Quick question about 'turbo bark'. I just heard something for the first time tonight on my truck on the way home after just refueling.



After a moderate acceleration and sudden let up on the throttle I heard some thing like a 'heavy sigh' or a fading 'wooosh'. Loud enough to hear, and now repeatable.



I went to the forum search tool and looked up turbo bark and I'm still just a little confused.

1. ) I'm getting a 'woooosh' not a chirp or bark.

2. ) Is a 'wooosh' the same as a bark?

3. ) Is this a problem? Something bad? Is a 'wooosh' OK but a bark bad?

4. ) Why would this all of a sudden start up?



Background:

o Changed oil and fuel filters about 600 miles ago

o Been running Baldwin BHAF and Power Wagon injectors for about 4,000 miles.
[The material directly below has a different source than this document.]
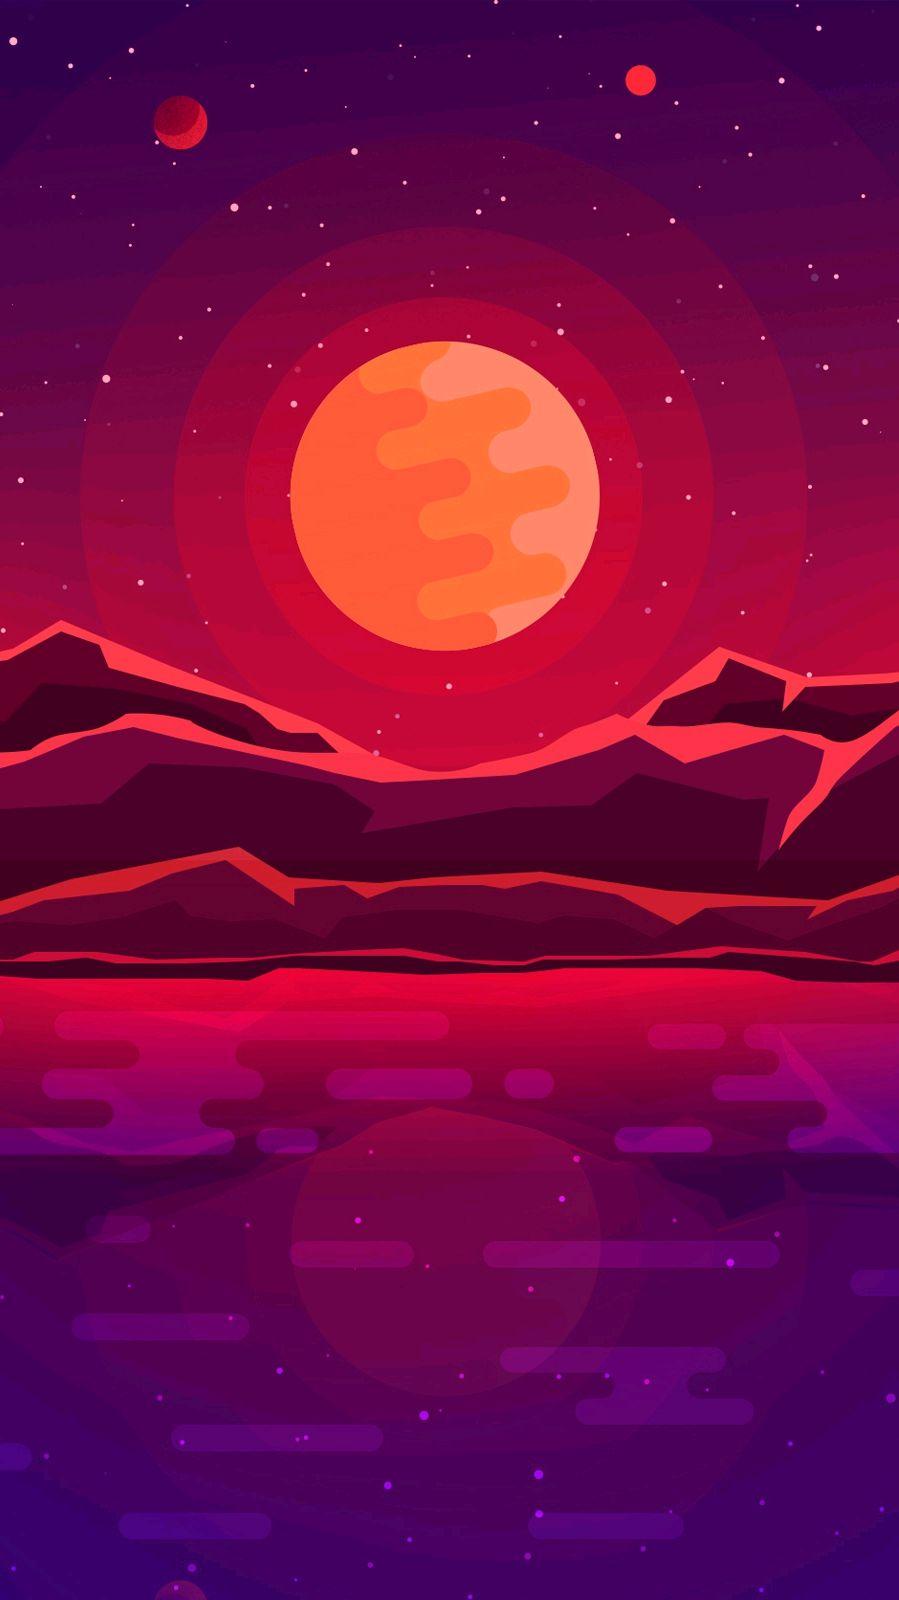 Digital Sunrise Minimal Art iPhone Wallpaper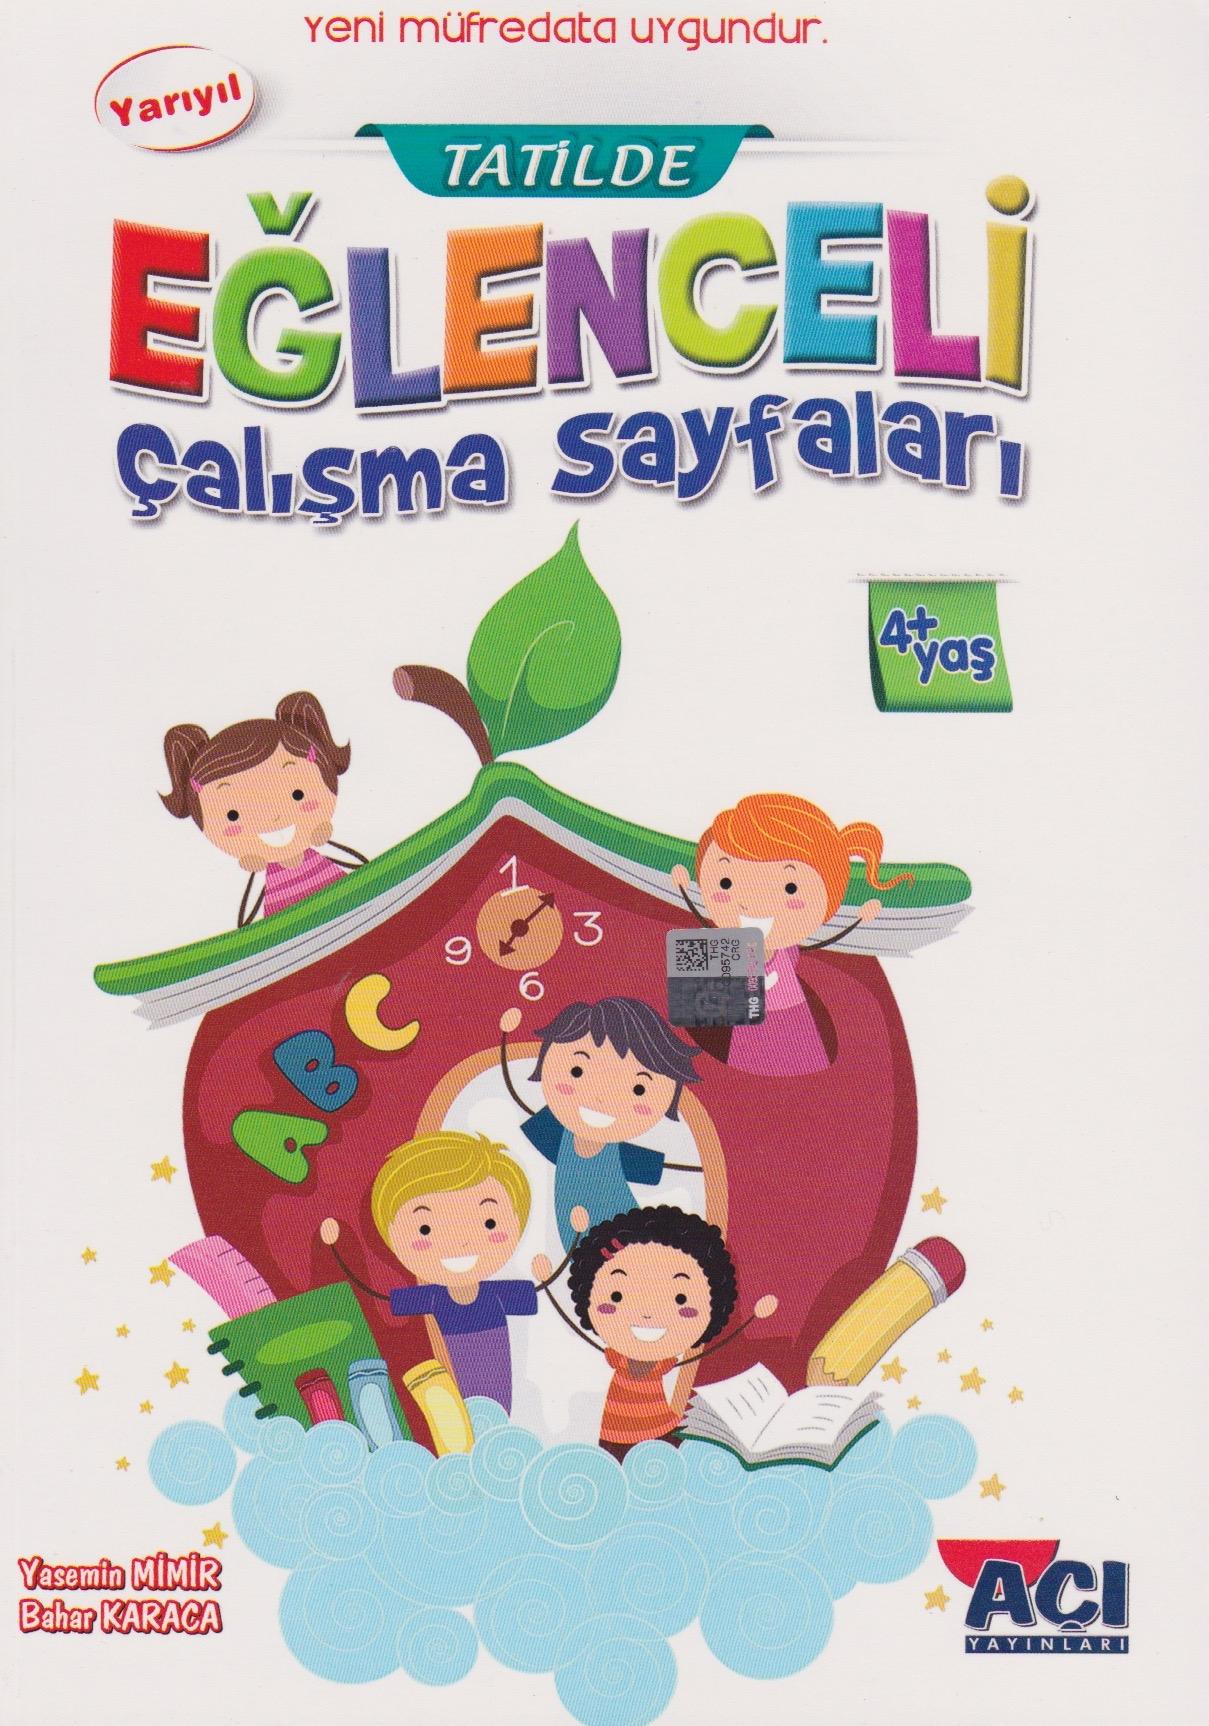 Aci Yayincilik Okul Oncesi Tatil Calisma Sayfalari 4yas

Noticable performance increase with the injectors. :)

o Truck currently has 164k

o Just recently I also noticed whitish smoke at WOT (i. e. , throttle absolutely buried to the floor - otherwise no white smoke) at times - but not all the time. I posted a question on this and got some real good info - basicaly the new injector's higher pressure cause the pump to retard somewhat which in turn causes the fuel-air mixture to be heavy on the air side causing the white smoke.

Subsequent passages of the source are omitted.